Your design must comply with the following criteria and goals (beyond the “persistent,” “consistent,” and “complete” definitions above):

  • The main-memory database must continue to process subsequent read and write requests that arrive during the taking of a snapshot; that is, your design may not pause the handling of read and write requests to the database while a snapshot completes.
  • The main-memory database does not process multiple read or write requests (or a mix of the two) concurrently; it processes a single read or write request to completion in isolation before moving on to the next one. Your persistence extensions should not change this behavior.
  • Once a snapshot is initiated, no changes to memory caused by writes requested after the snapshot began should be included in that snapshot.
  • You may use multiple pthreads, multiple processes, or some combination of both in your design.
  • You may use any of the pthread synchronization primitives described in the 0019 lectures on synchronization primitives.
  • You may use any of the Linux system calls described in the 0019 lectures.
  • You should aim to make your design both physical-memory efficient (i.e., minimize the quantity of RAM your design needs) and compute-efficient (i.e., minimize the number of CPU instructions or other execution time overheads your design introduces).

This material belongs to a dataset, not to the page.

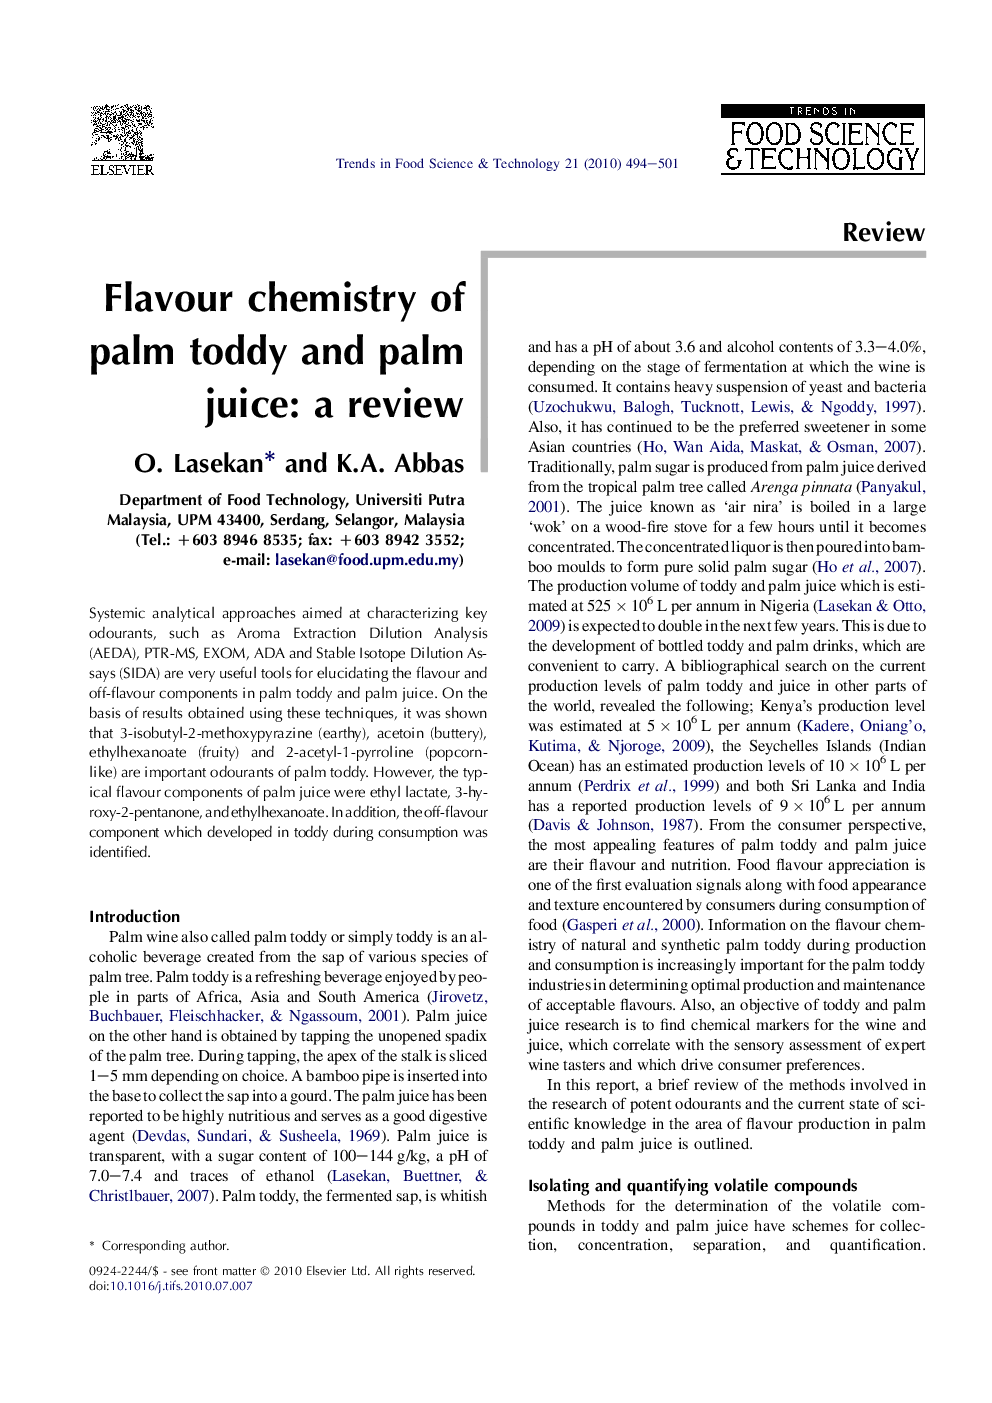 Flavour chemistry of palm toddy and palm juice: a review
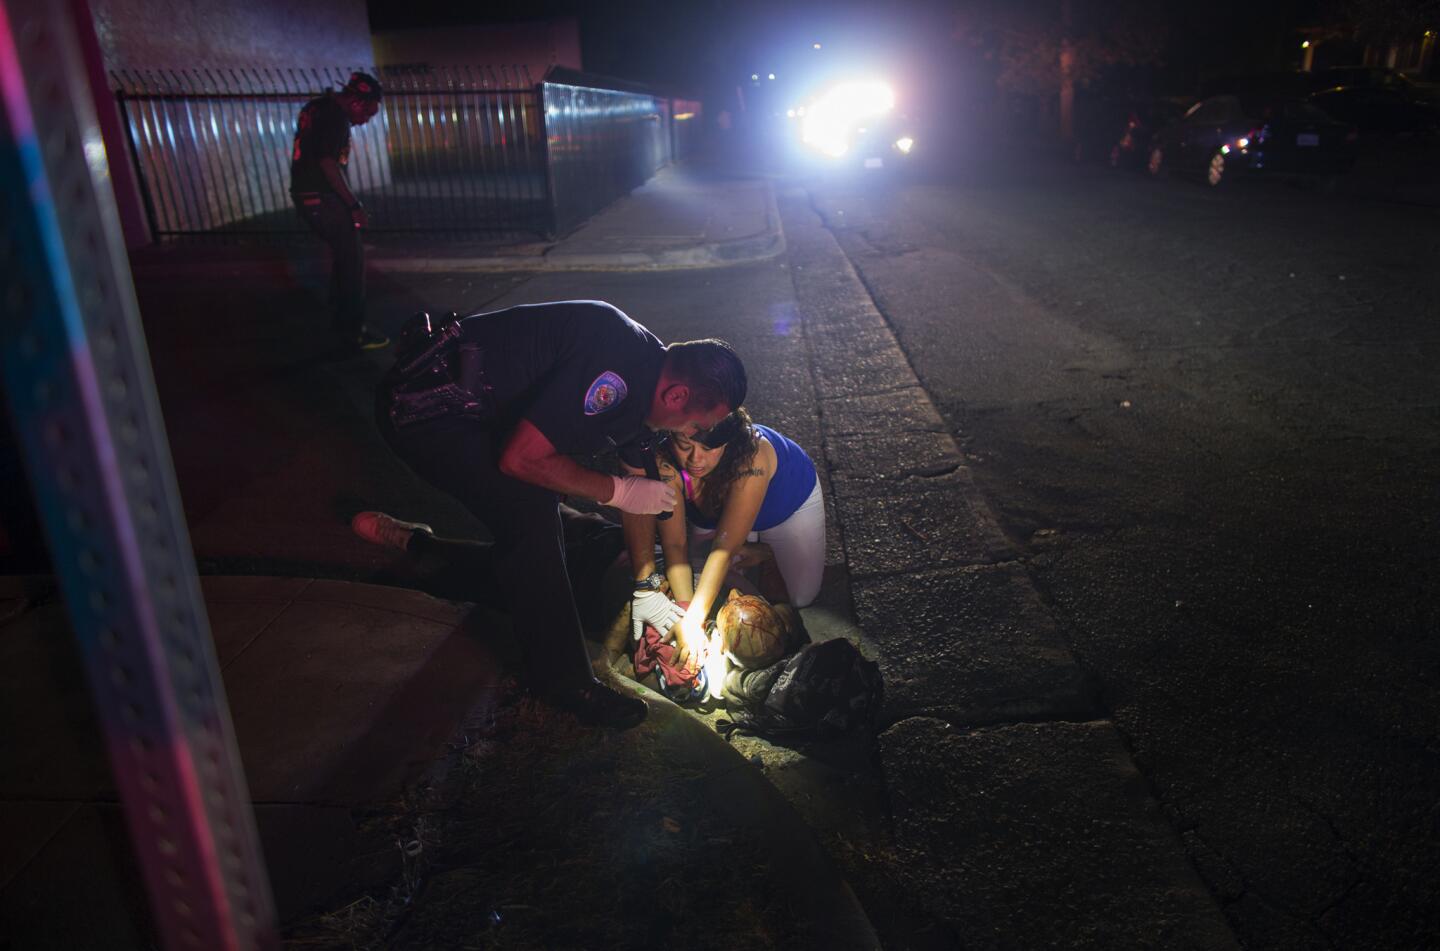 A San Bernardino police officer assists as a resident tries to stop the bleeding of a male gunshot victim found lying next to the curb after being shot with a shotgun at the intersection of 11th Street and Acacia Avenue on July 29, 2016. There have been 150 shootings and 47 homicides so far this year in the city. This victim survived, but declined to identify who shot him.

Assume there are four CPU cores in the Intel Core i7 CPU in the server where the main-memory database runs. And assume that the mix of read and write requests that the database receives over time is not known in advance, and that an administrator’s request for a snapshot can arrive at any time.

Hint: you may find it useful to review CS:APP/3e Sections 9.8.1. and 9.8.2, which describe how Linux uses copy-on-write page mappings.

Describe your design in an essay (optionally including any figures or tables you deem necessary), taking care to specify the Linux constructs, system calls, synchronization primitives, etc., that you use, and how they fit together in your design. You must also explain how your design meets the above requirements, and why you believe your design meets the physical-memory and compute efficiency goals described above.

There is no unique correct answer to this question. We expect that even experts in Systems may produce different designs, and use different arguments for why these designs meet the requirements and goals set out in the question.

In marking your answers, we will focus on your understanding of systems design principles and constructs in C on Linux, and the tradeoffs inherent in the use of different concurrency and synchronization techniques. That is, your mark will reflect the examiners’ assessment of your ability to reason about the material covered in 0019, and how well the logical arguments you make in support of your design provide evidence of that understanding. Your answer to this question will thus be marked according to the following criteria:

  • the extent to which your answer demonstrates understanding of 0019 topics, including technical correctness of the written sentences and of the observations made;
  • the completeness of the answer, in terms of whether it addresses all parts of the question as stated;
  • the clarity and concision of the answer: we expect that your answer will be easily grasped by the 0019 examiners, and will not exceed 1,000 words.
  • the quality of the insight offered in your answer, including originality and depth of discussion, soundness of the arguments made, and ability to make correct and insightful connections between designs, techniques, and systems programming primitives.